Now both of these things require access to the radio that's supposed to transfer something. And only one thing can transmit at time. Otherwise, the transmission is garbled. So a reasonable approach might be to just lock the radio in each thread before you transmit, and then unlock after you transmit. So what could be a potential issue with this?

AUDIENCE: One might get all the time.

PROFESSOR: Let's say, the scheduler interrupts every 10 milliseconds, and then 1 out of the 10 times, it allows 10 logs to run. And then 9 out of the 10 times, it will allow some pictures to run. So everybody gets time scheduled.

So I guess the easiest way to illustrate this is what happens if it's currently running said logs, and it grabs this lock. And then while it's transmitting, let's say on the second megabyte, the scheduler says your time is up. And then it swaps in this program, and it tries to run.

So now when this program runs, it tries to lock the radio, but the radio's already locked. And the one that locked the radio is the send locks thread. And so it could sit there and spin for a while waiting for the lock to be available. But that's not going to happen. Because the guy that's holding the lock is a bug.

So in general, this is called starvation, where in the process of having a shared resource, you end up unfairly depriving someone else of a resource when you're not truly using it. Well, I guess that's not the-- I guess you are using it, but you're using it for longer than is fair for you.

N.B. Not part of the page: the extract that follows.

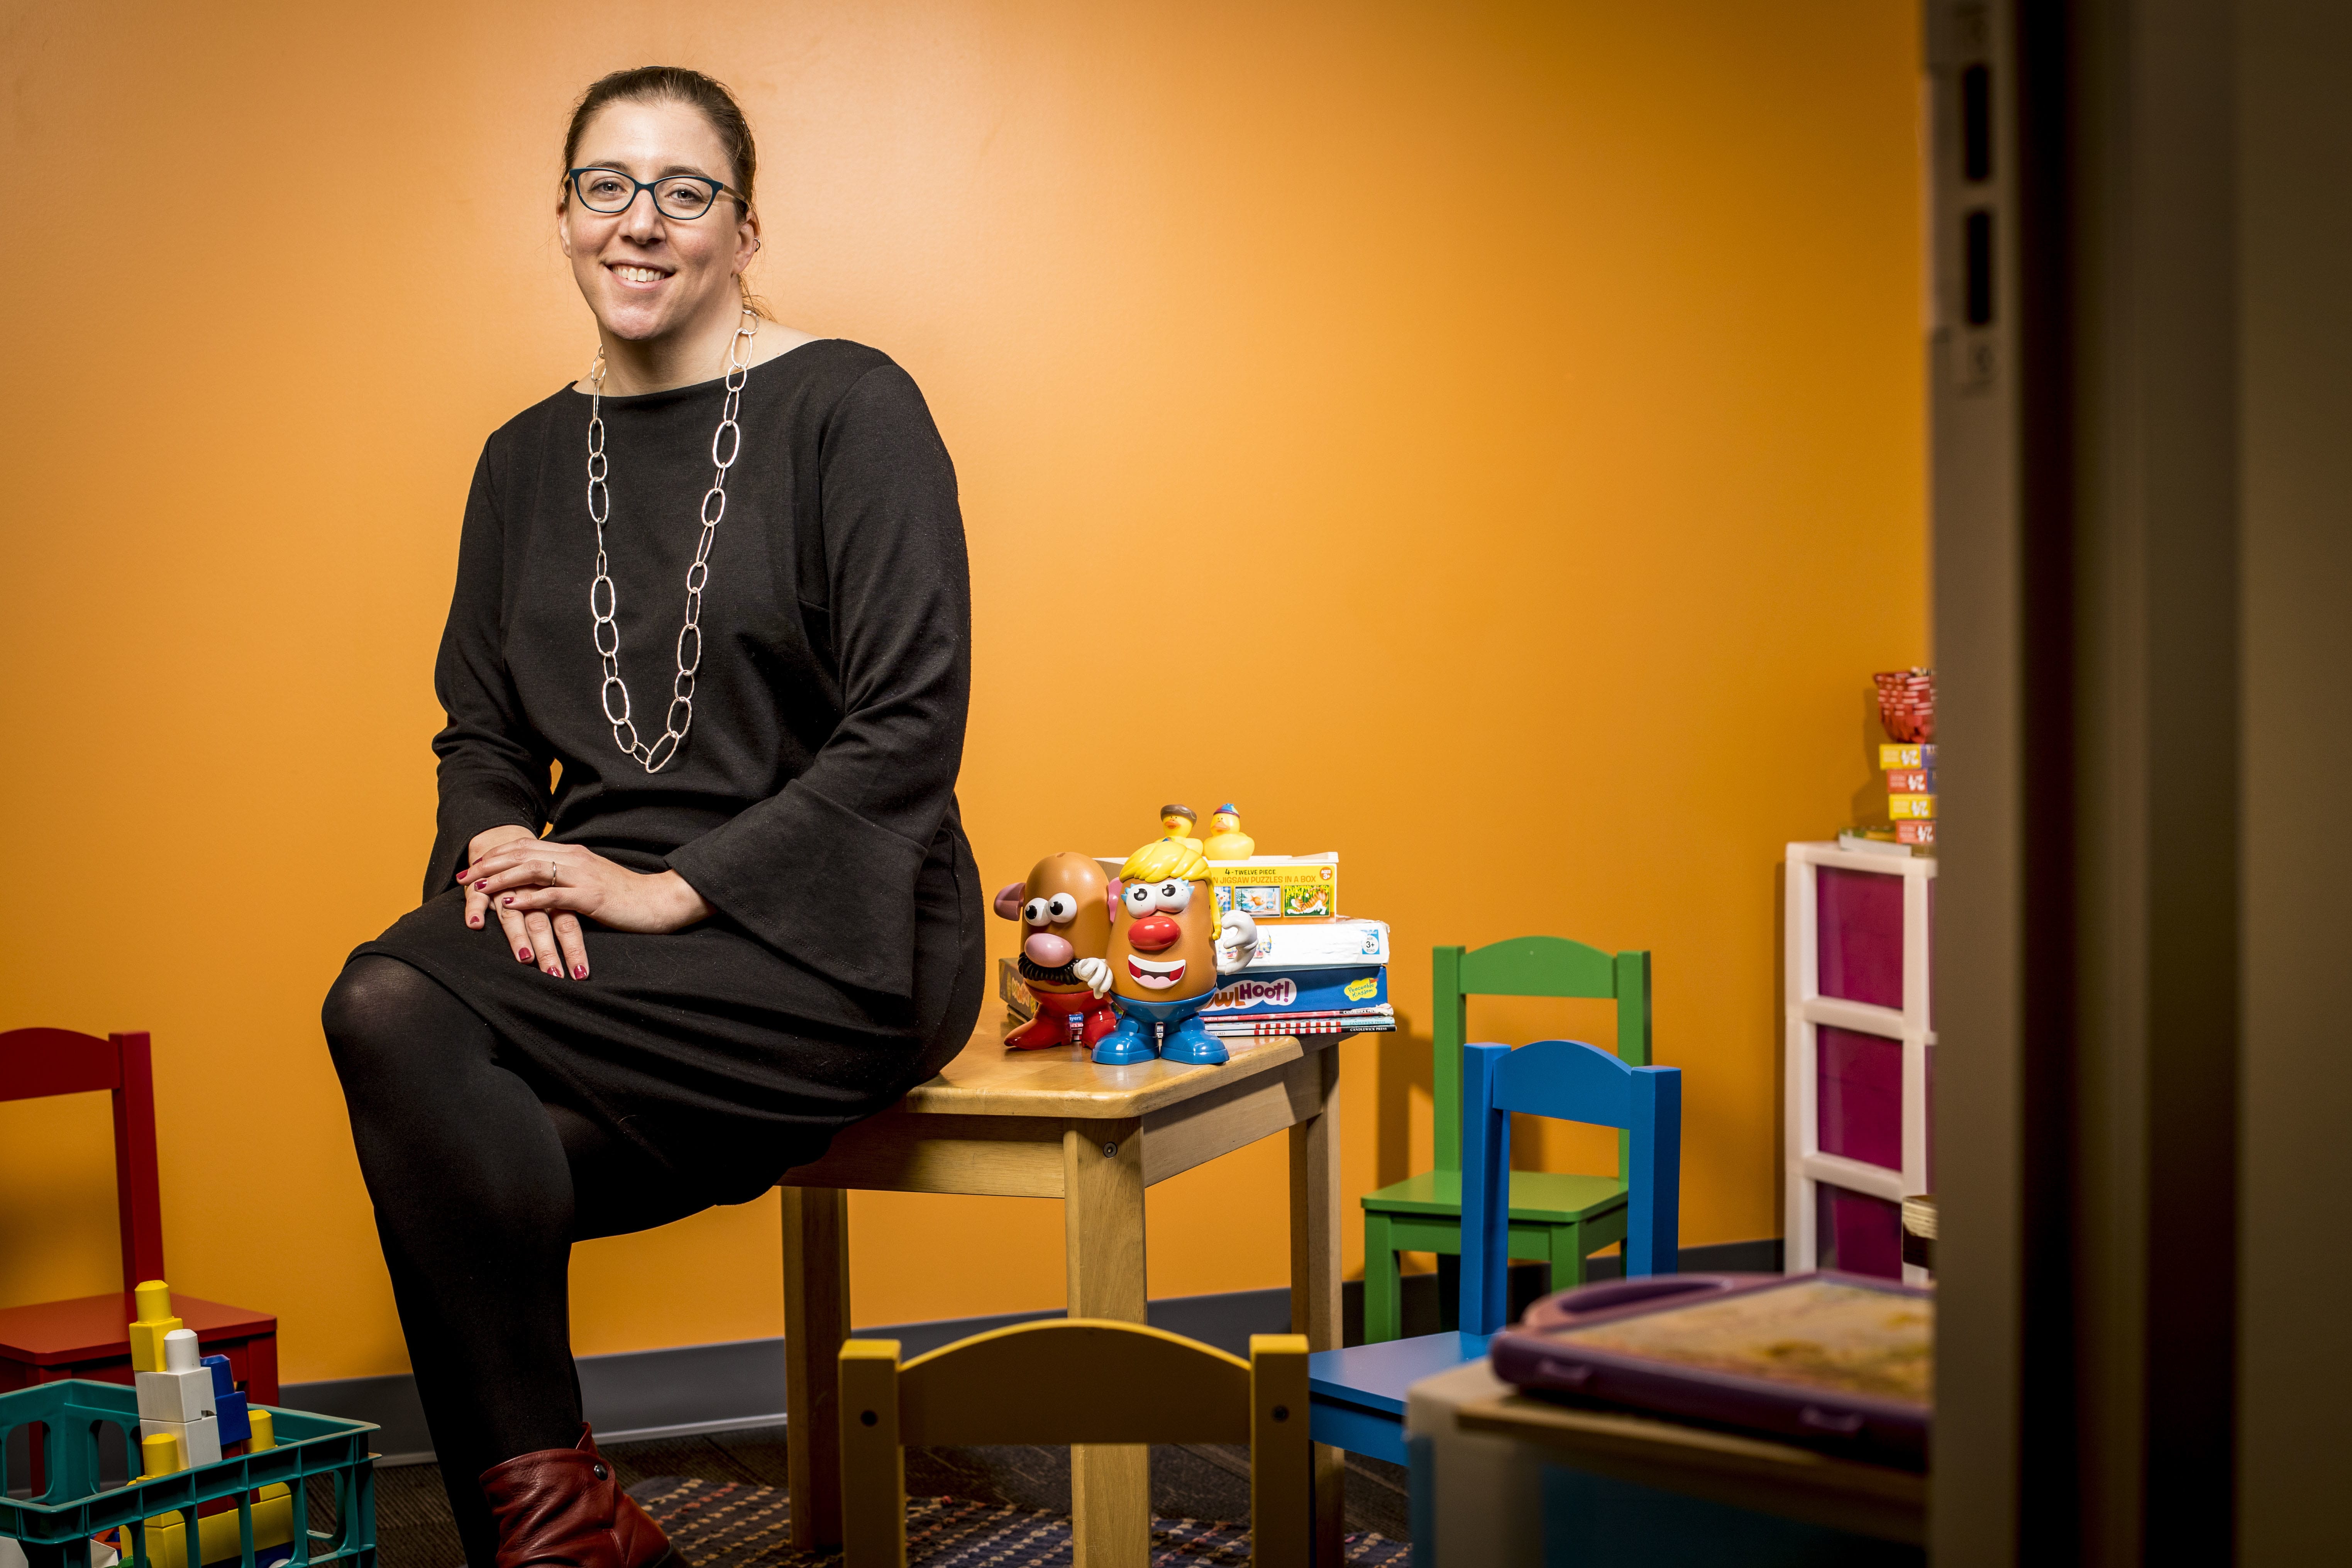 This March 2018 photo shows Kristina Olson in her laboratory in Seattle. She is the creator and leader of the TransYouth Project, which is considered the first large-scale long-term study of transgender children in the U.S. On Thursday, April 12, 2018, Olson was named winner of the NSF's annual Alan T. Waterman Award, the government's highest honor for scientists still in the early phases of their careers.

Like in the scheduler you wanted 90% to one process and 10% to the other, but in reality you end up with a completely different set of priorities. And this inversion of priorities is commonly called priority inversion. Does that make sense? Cool.

So on a completely different topic. So Cilk hyperobjects were covered extensively in lecture. You guys had a problem set on it, although it was not received very warmly from what I see in the problems sets write ups. But I think all of the basic material for what a Cilk hyperobjects is and what it does can be found in the lecture material.

But more interesting, let's explore what you can do with hyperobjects that aren't in the documentation. So I'm going to define a piece of code here. And it's C++ or Cilk++ code.

And the first part of it defines a very simple structure called a point. And it has three members. Or actually it has two members, x and y, and it has three methods for setting the values of x and y and also getting the values of x and y. Question? No? OK.

And then there's also a hyperpoint class which contains some extra Cilk junk. And it also implements the same three methods. Set, get x, and get y. And if you look at the monoid that it contains the point monoid it implements a reduce function that just doesn't do anything. And for the public methods, the setters and getters, they grab the point represented by the local view to the reducer that it contains. And it calls the method that you called on that point.

So the question is what does this thing do, the hyperpoint object? Anybody have any wild guesses at this point? That's a no. So OK. Let's try using this code.

So to put the example into perspective. Suppose I have this artificially contrived function that takes an array of 100 points, and it tries to do an in place reversal of its elements. So one way that it can do that is you have a global temporary point.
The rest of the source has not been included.